Having a gun in my face is nothing new to me. It's something I see every day, and even if I didn't, I know my invulnerability protects me. However, I can tell from the barrel of the gun that it belonged to my father, and I'm momentarily offended that there is somebody else wielding it at me.
If this woman is trying to shake me up, she has succeeded. Not because there's a gun in my face, or even because it is my father's gun. No, what has shaken me is the actual woman who is wielding the gun at me.
She is easily the most beautiful woman I've ever seen. She's dressed modestly and comfortably, in faded well-worn jeans and a red tank-top, both of which cling to her delicate curves. A warm-looking flannel is tied about her waist. Her dark hair is long, with loose waves hanging freely down the middle of her back. Coffee-colored eyes threaten me from behind long, thick lashes. She looks sheepish, and I realize she's lowered the gun while I'm staring slack-jawed at one of the wonders of the world.

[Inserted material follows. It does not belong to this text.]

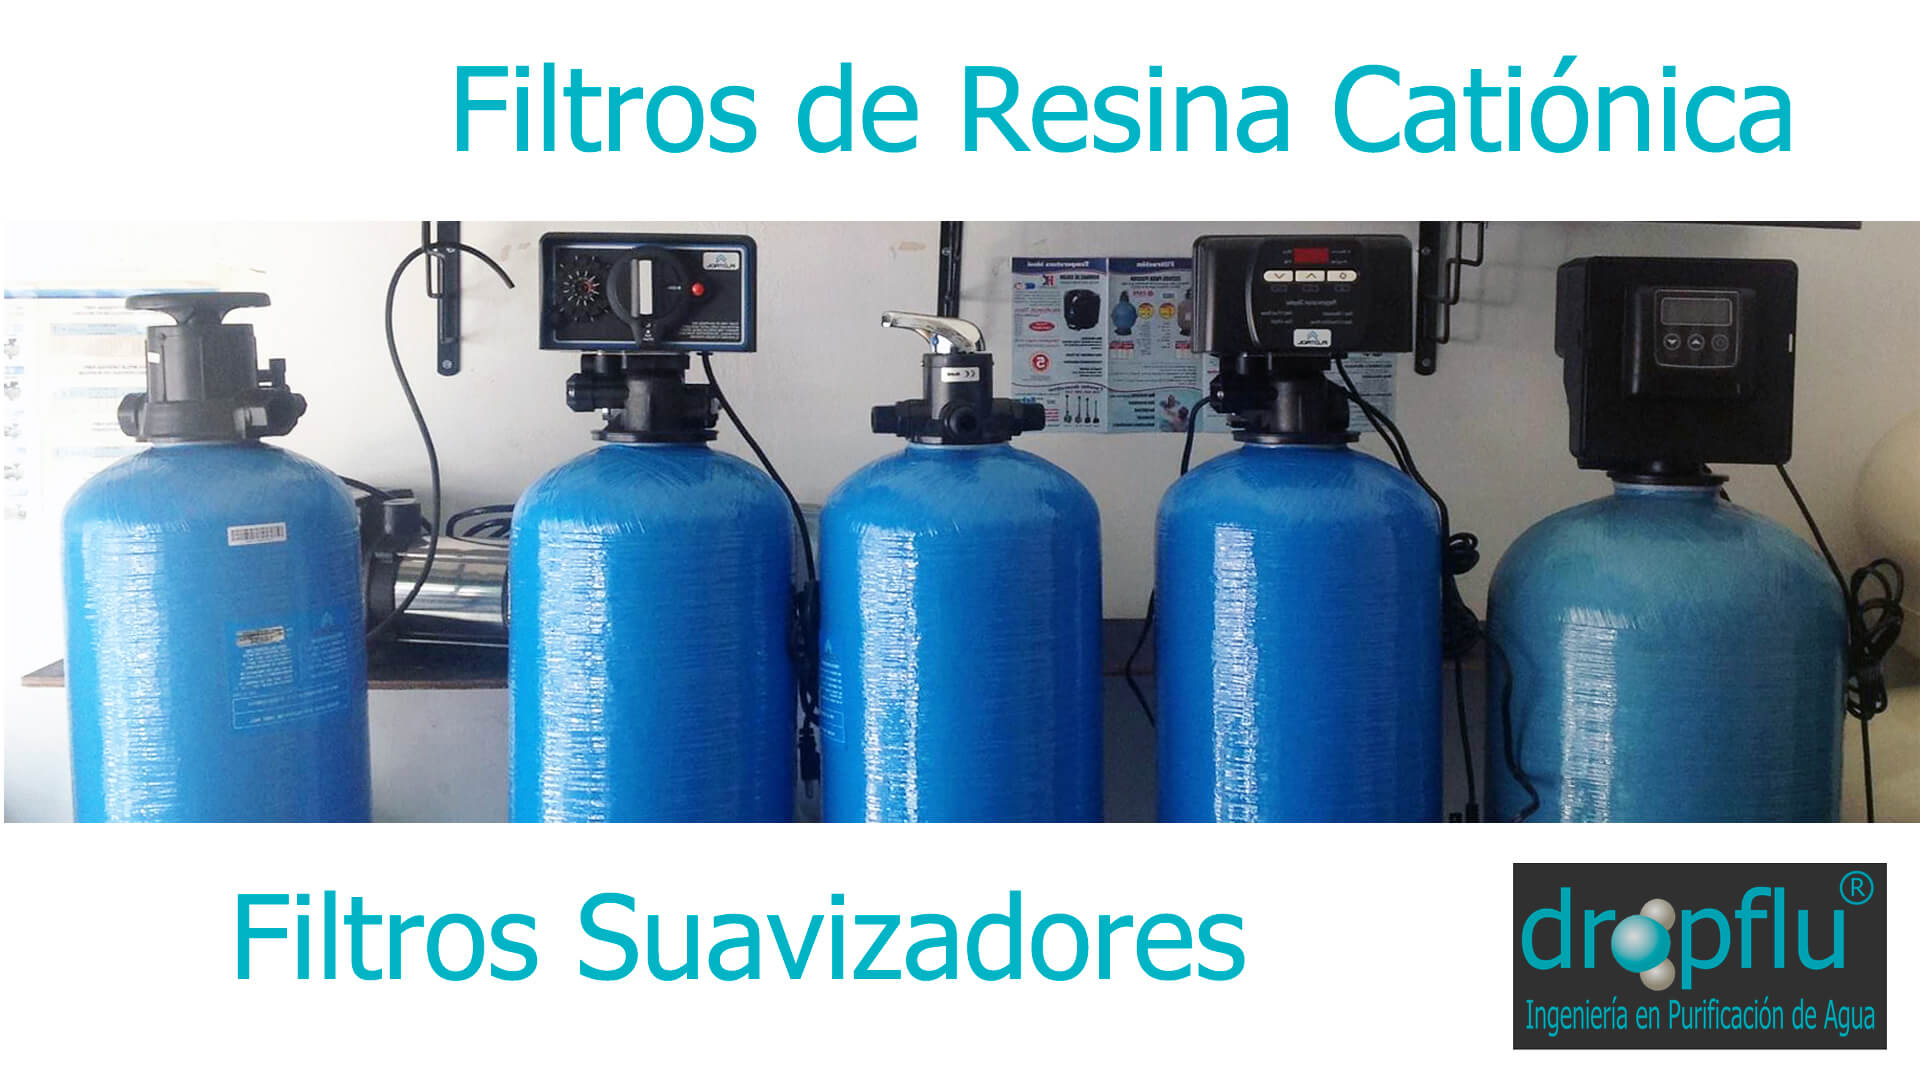 Venta Filtros Suavizadores de Agua Comprar Ablandador Descalcificador - DF  (DROPFLU)
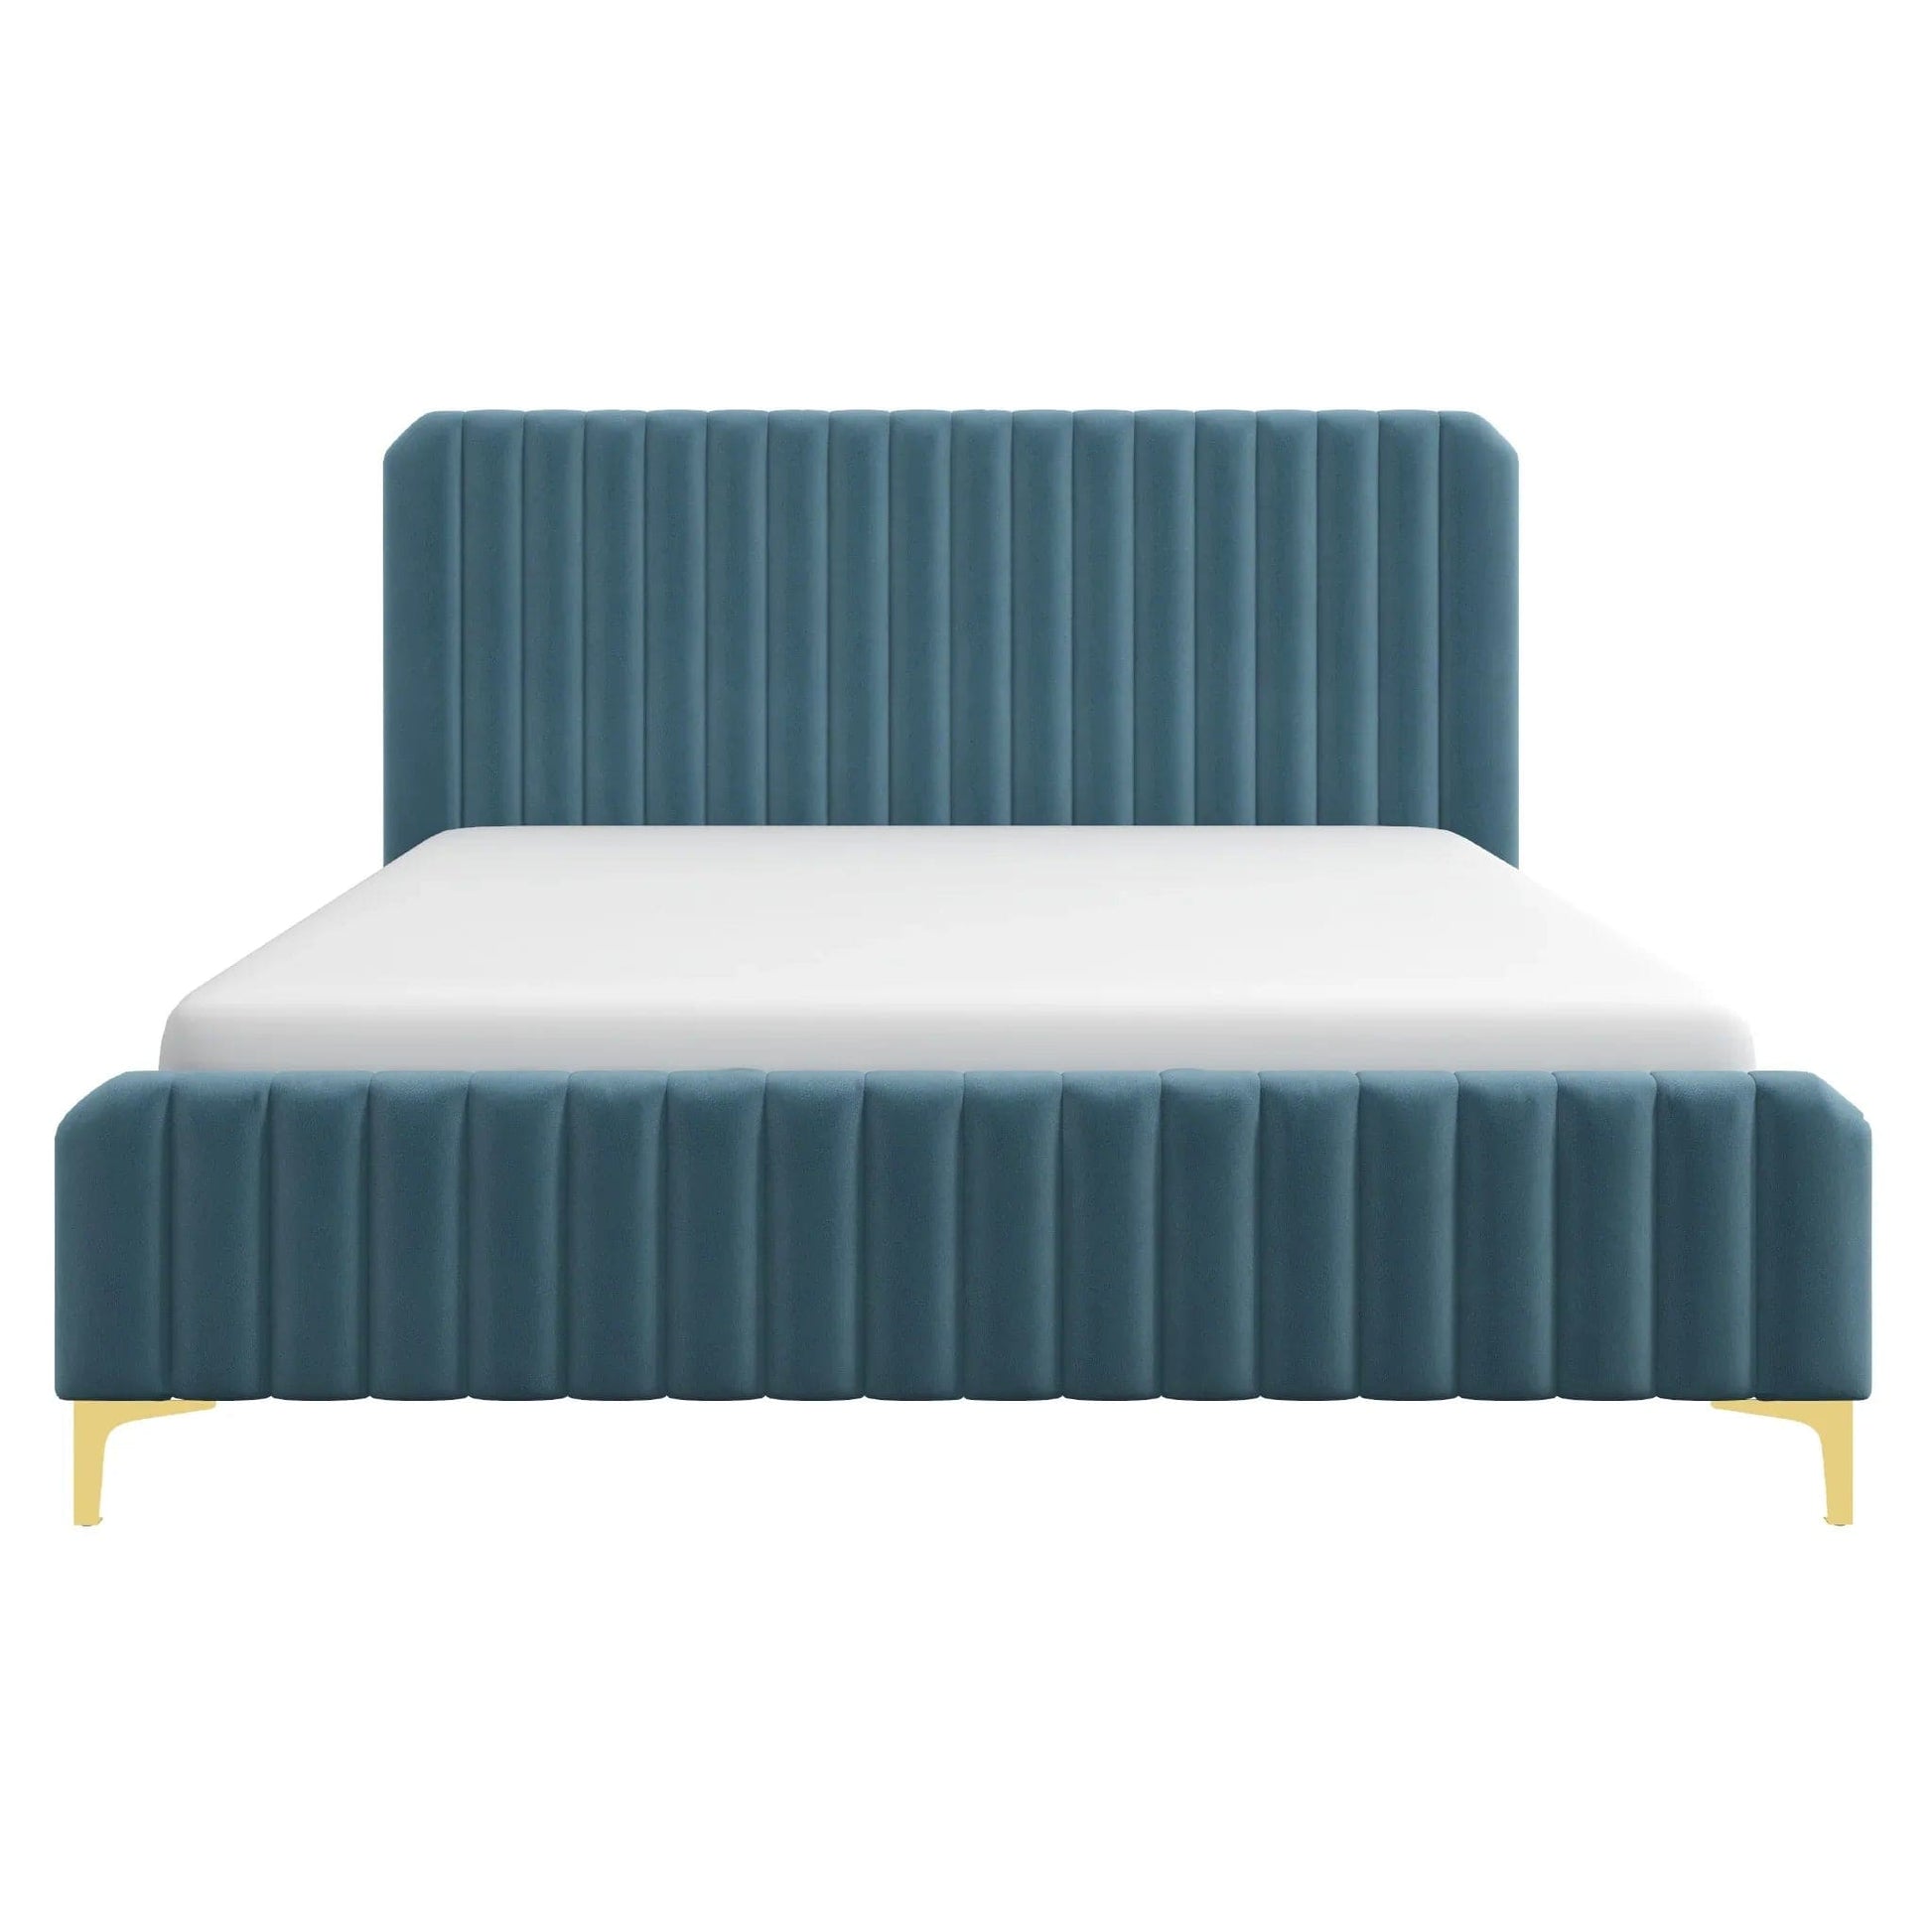 Ashcroft Furniture Co Bed King / Sea Blue Bethany Velvet Upholstered Platform Bed

"I'm so sorry!" She exclaims, as she steps back a little. "I thought the noise I heard was those blasted Thompson kids again. I don't really shoot them, I just try to scare them off. They're always stealing or vandalizing or... never mind. You must be Mr. Kent. I was told you may stop by today. Please, come in."
She's different in some way. Maybe because she's older. A little more tired around the eyes. It could be the hair. Something about her isn't quite the same. But I would recognize her anywhere.
I *am* a fool for having stayed away from Smallville all these years. All these years when I thought I was keeping myself safe, maybe the one thing that could heal me has been here. I should have listened more to Wayne, I berate myself again.
"Lois?" I ask, but I don't need confirmation.
She nods, and repeats her request for me to join her inside. She's babbling something about buying the farm, but I'm not listening. This isn't the woman who turned my life upside down. This is *my* Lois. I can feel it. I don't know how this is even possible that she's here. In Smallville. On my farm. I'm such a fool.
No, I'm not going to forget today. This Monday just changed my life.